__Source material__
== Segment start ==
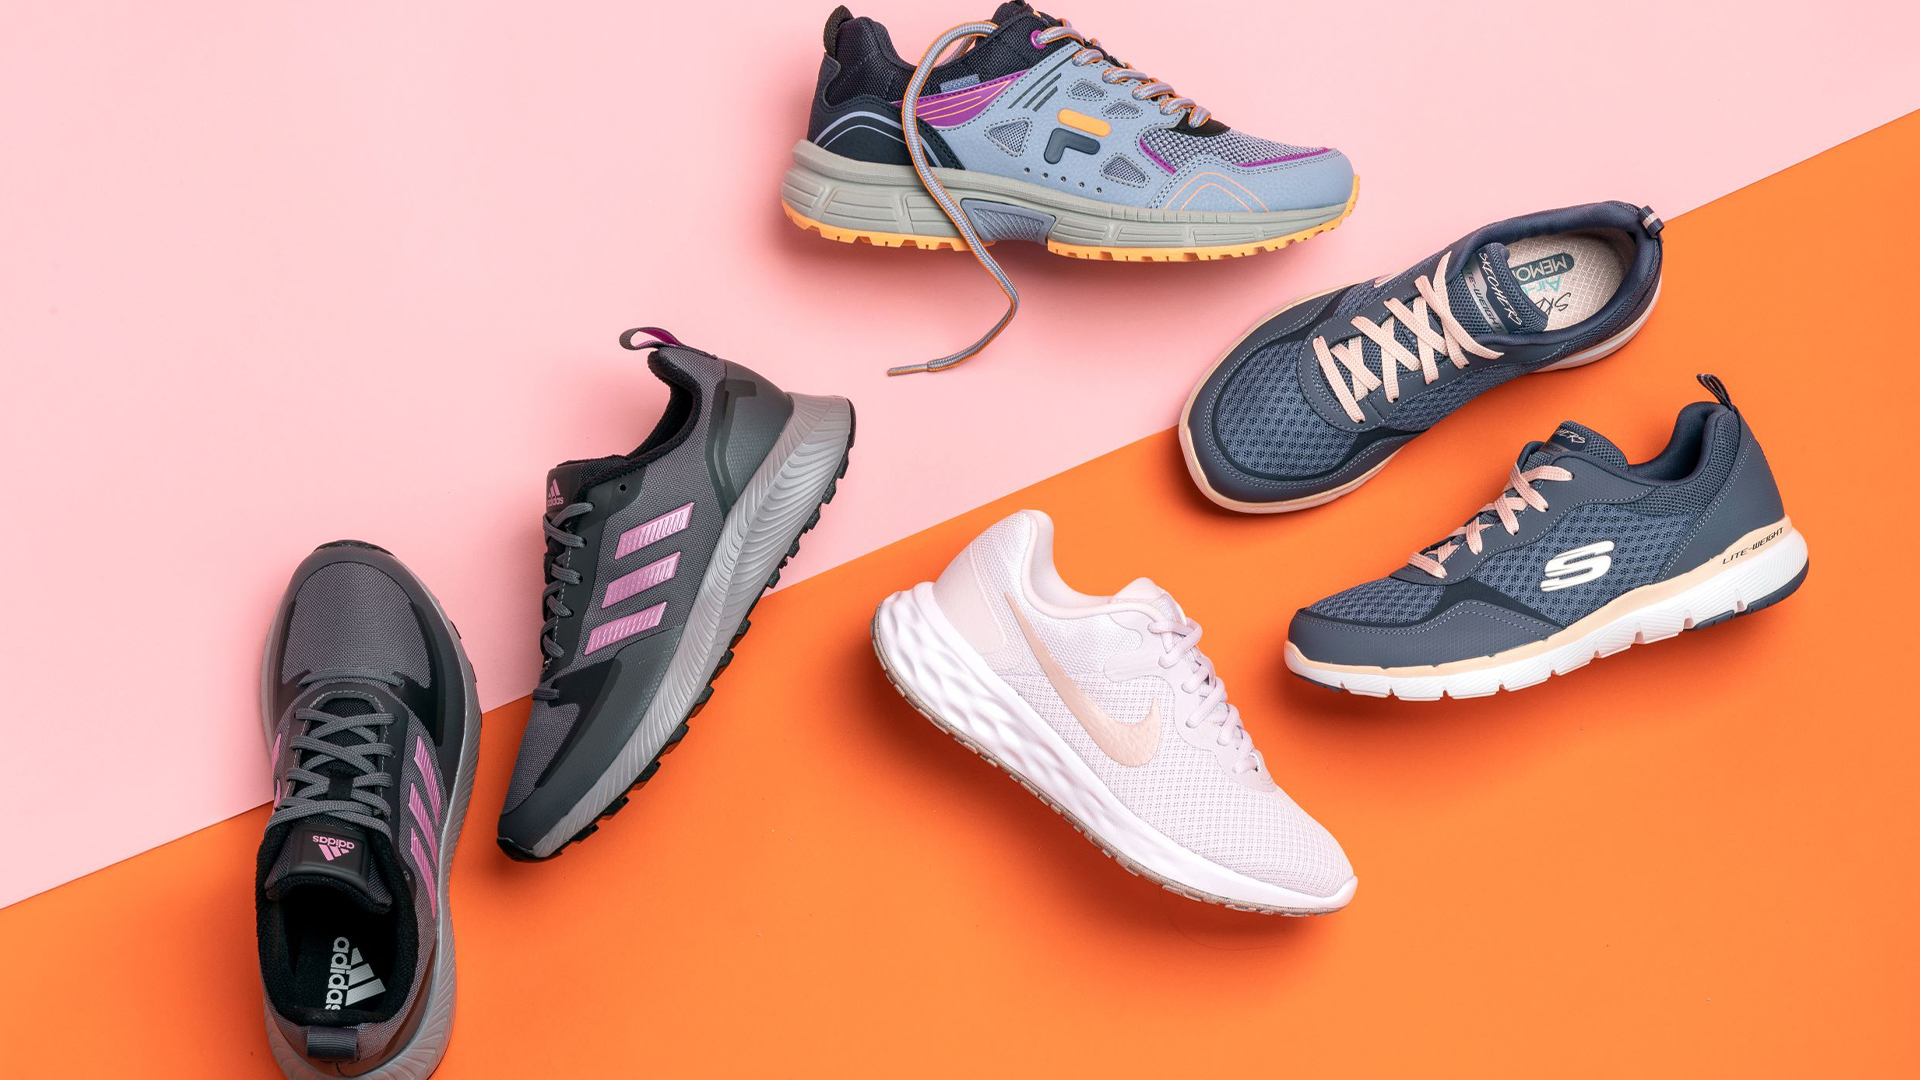 Grind Stumble island Deichmann launches "Branded Price Promise" including Nike and Adidas -  TheIndustry.fashion
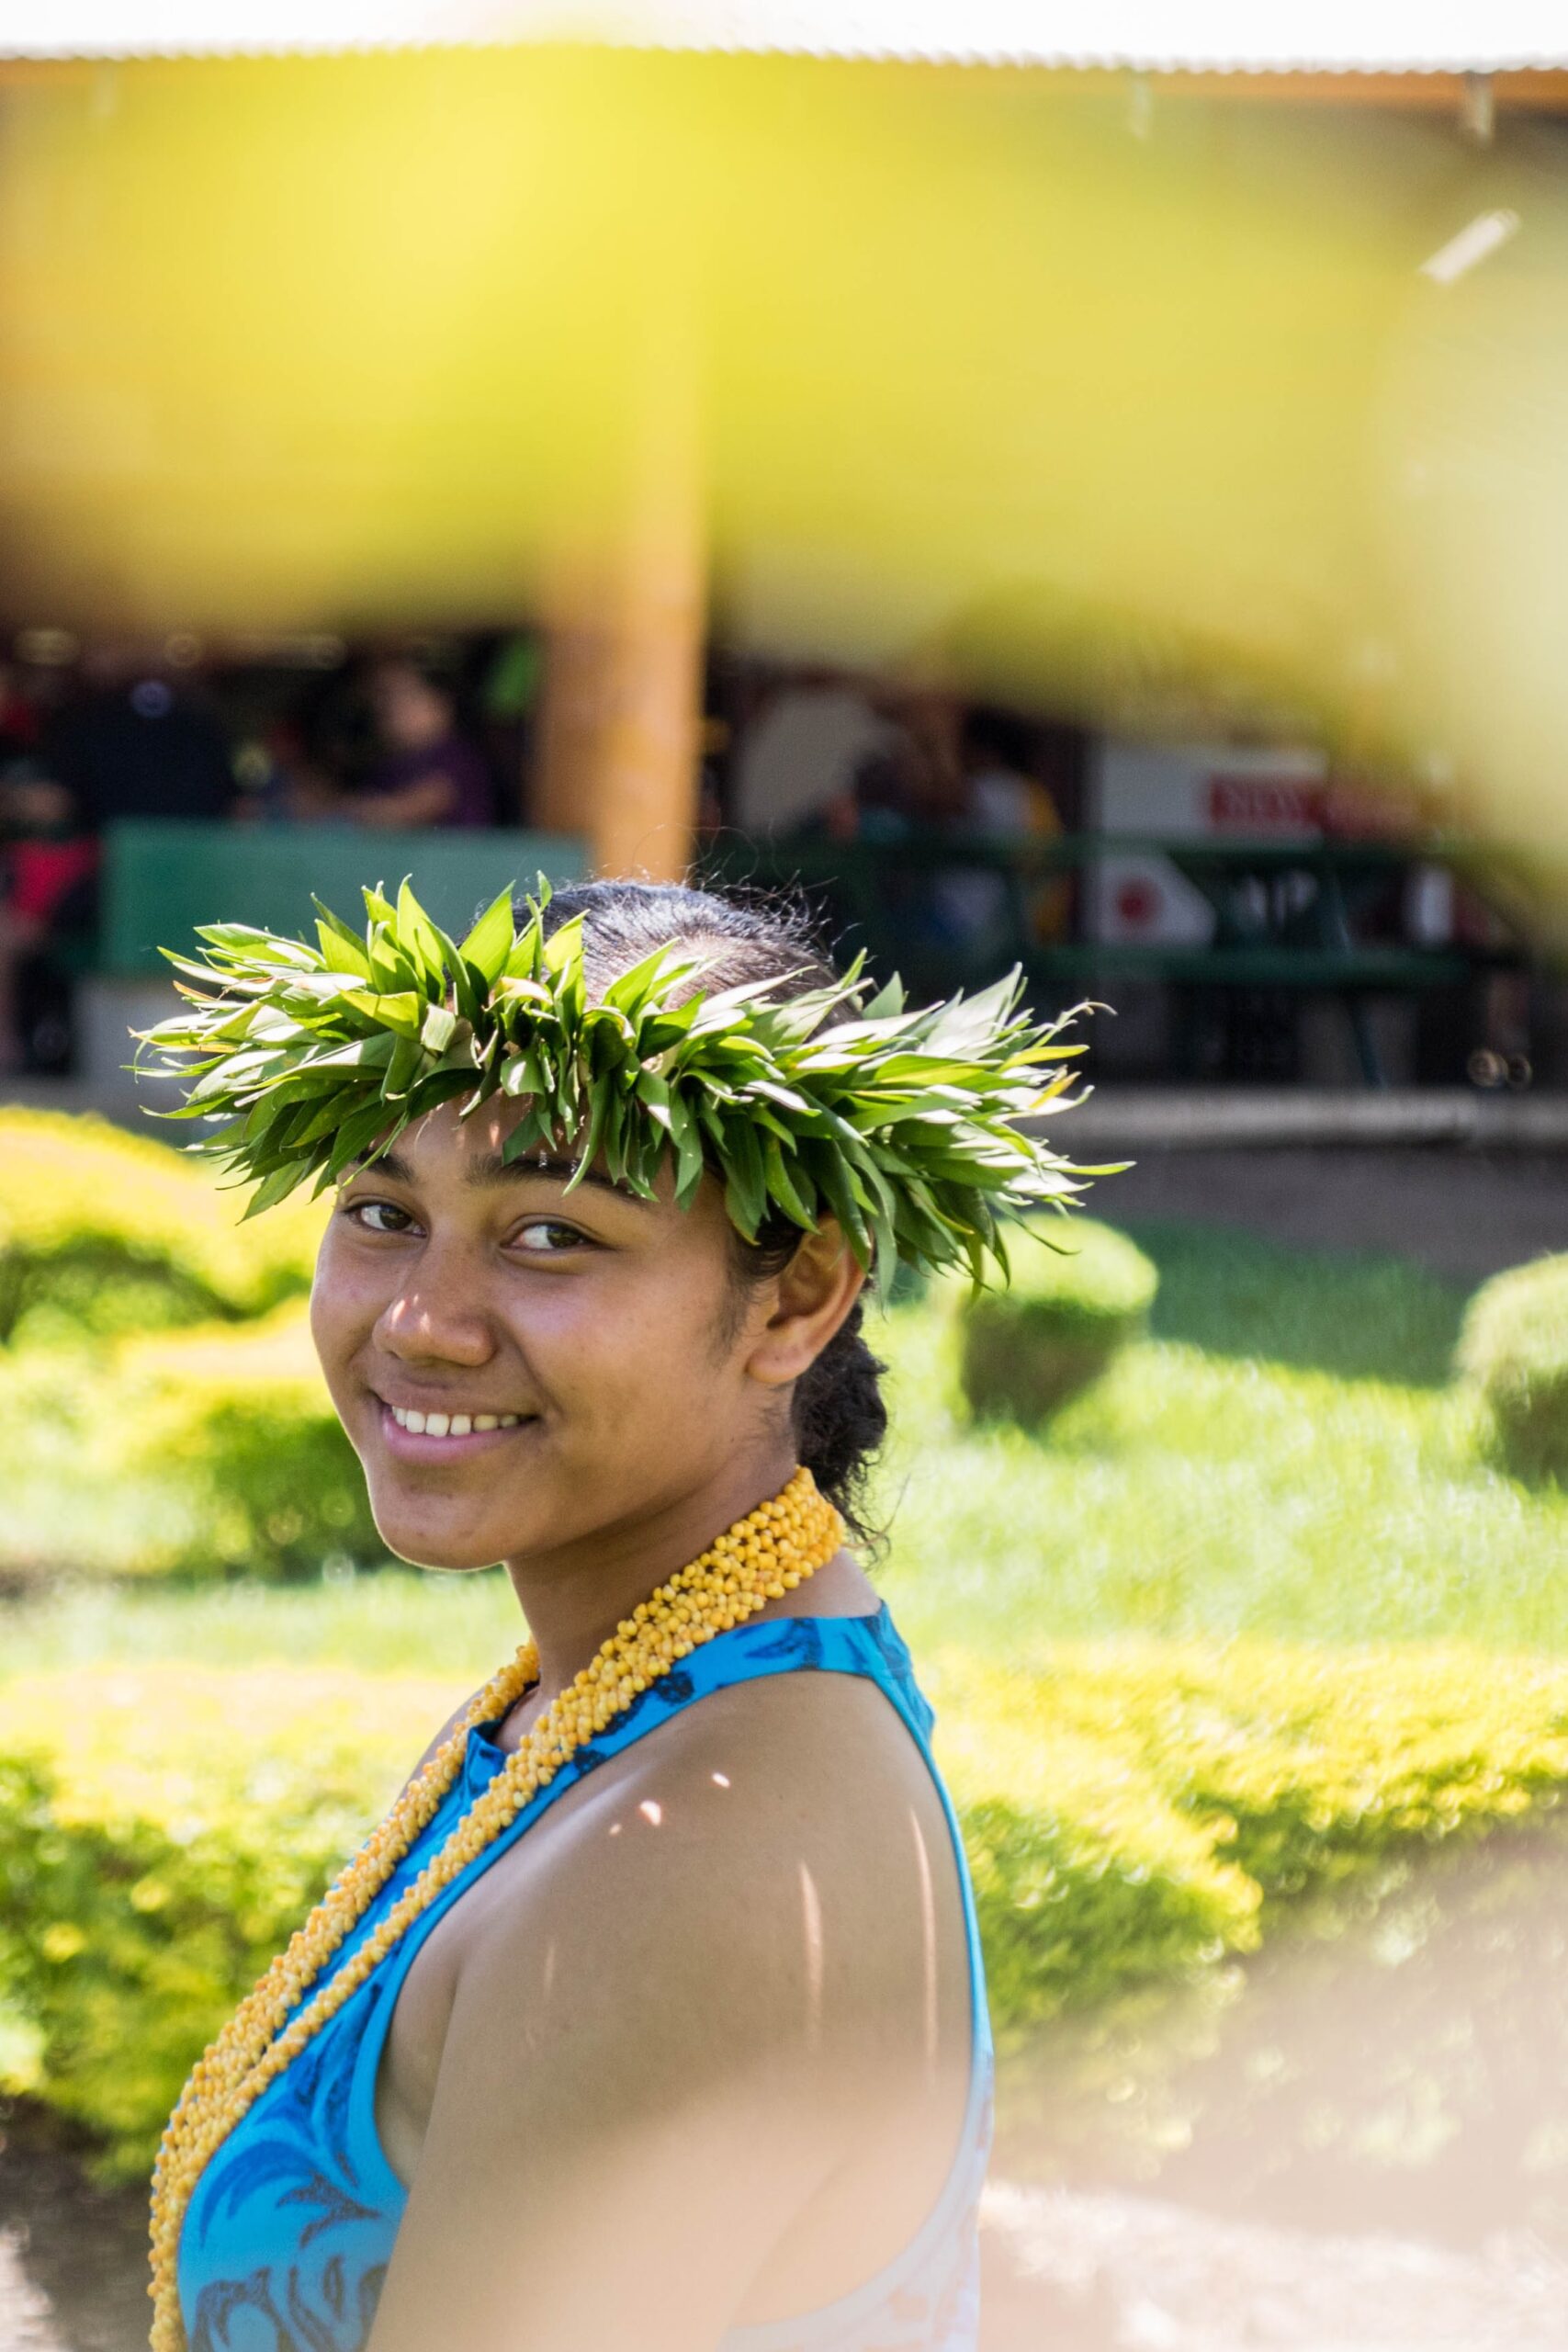 Family holidays in Fiji offer the opportunity for kids to learn about a foreign culture. (photo: Vijesh Datt)
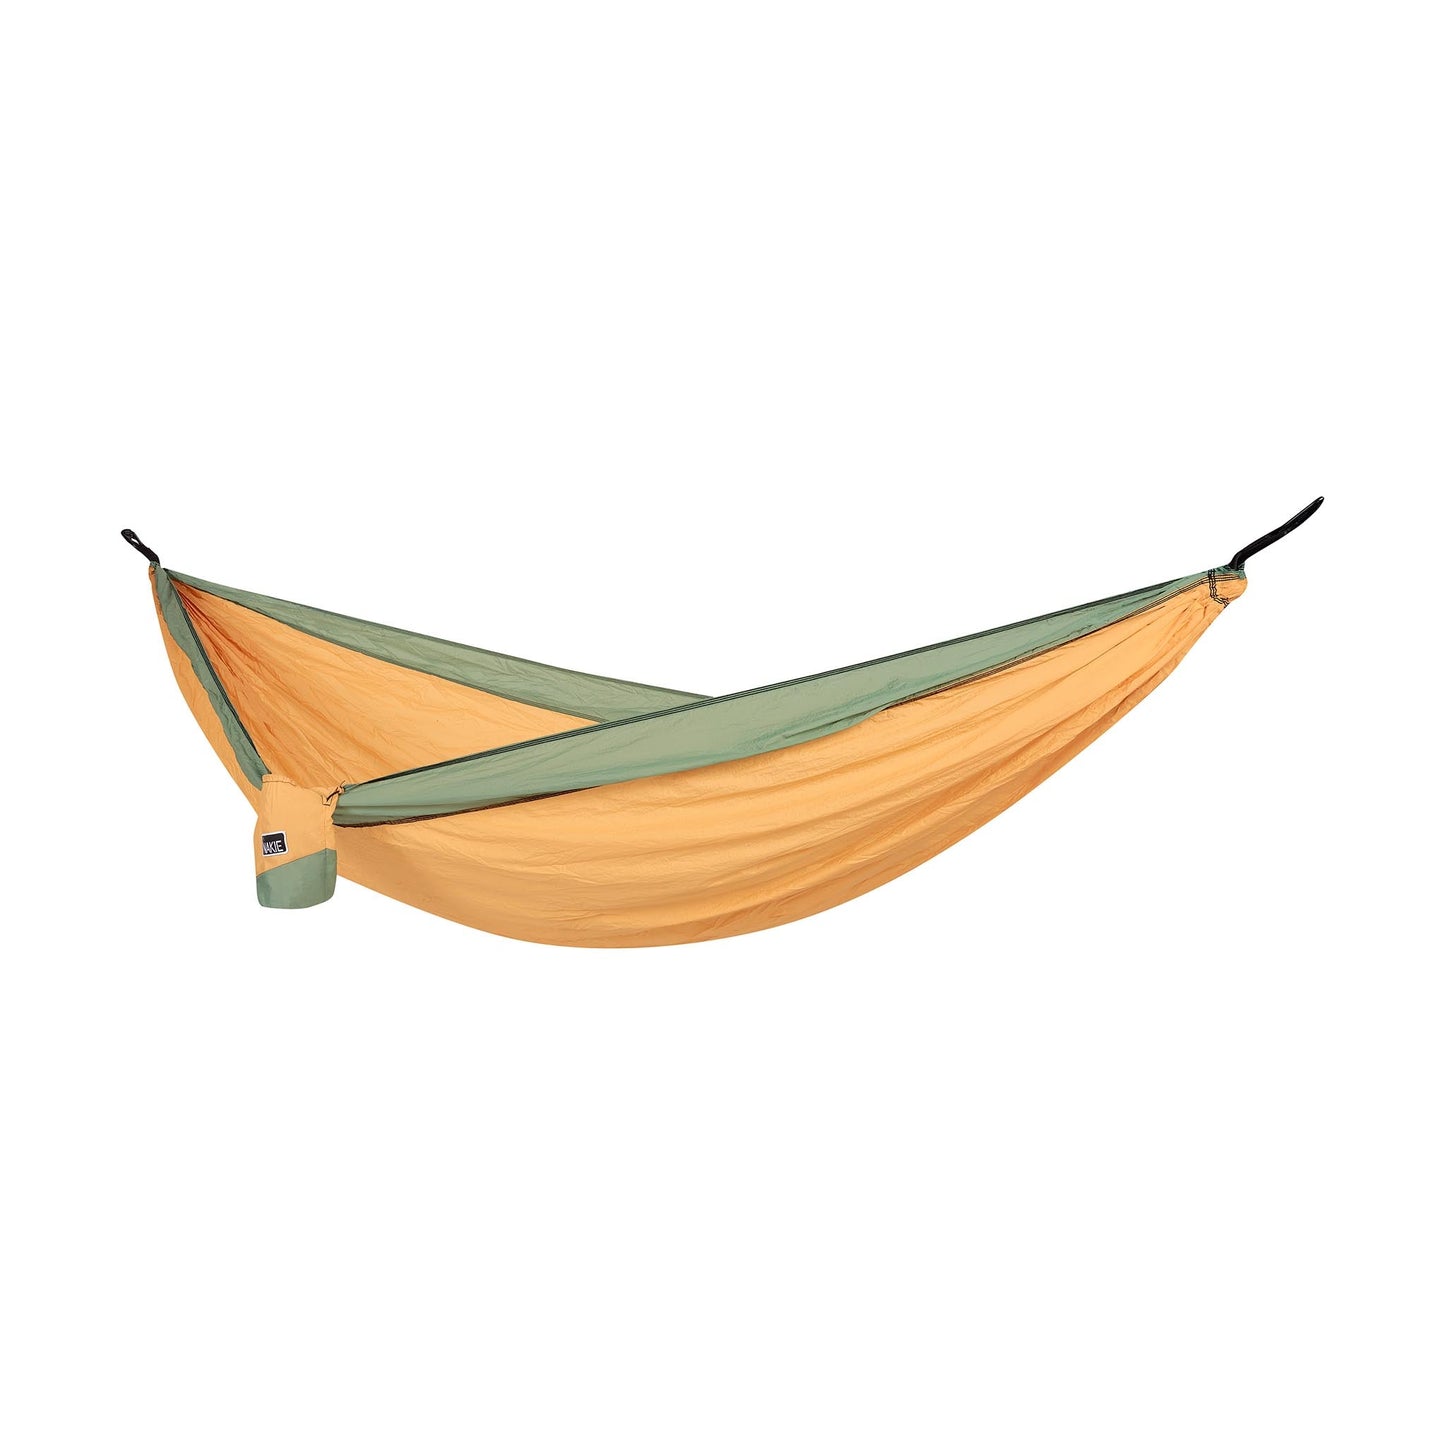 Golden Mango - Recycled Hammock With Straps
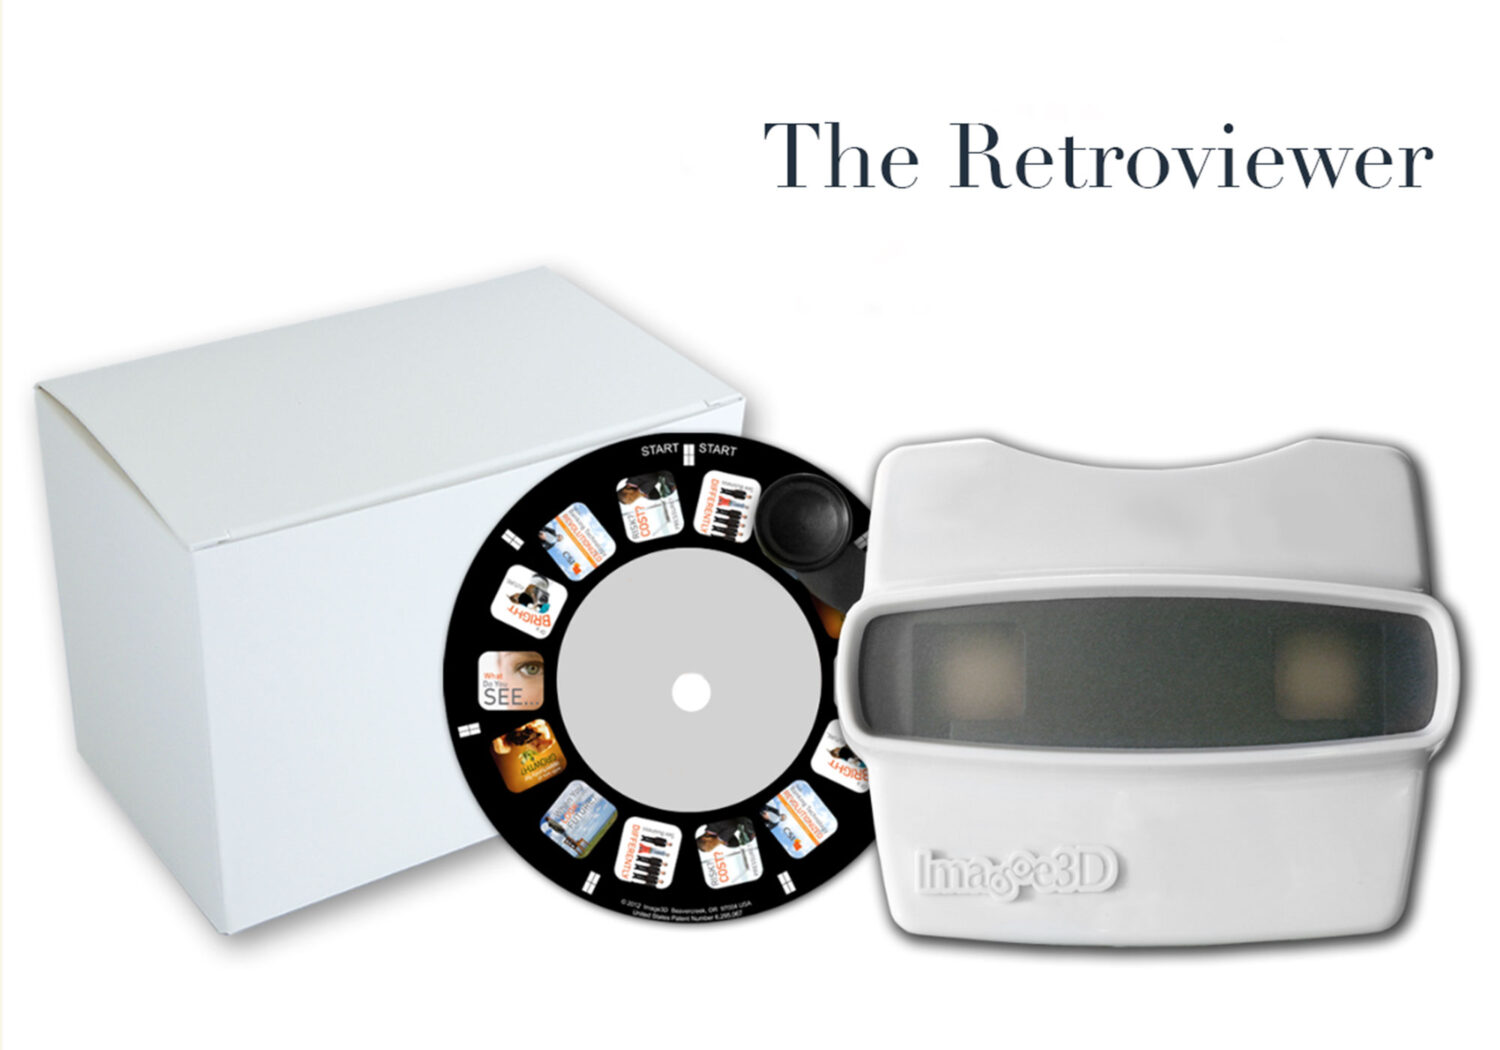 The REtroviewer is our choice for a top photo gift due to its price point and uniqueness.
== Segment end ==
__The problem__
Print the material above once more, exactly, minus the pictures.

__Solution below__
 Grind Stumble island Deichmann launches "Branded Price Promise" including Nike and Adidas -  TheIndustry.fashion
 Family holidays in Fiji offer the opportunity for kids to learn about a foreign culture. (photo: Vijesh Datt)
 Golden Mango - Recycled Hammock With Straps
 The REtroviewer is our choice for a top photo gift due to its price point and uniqueness.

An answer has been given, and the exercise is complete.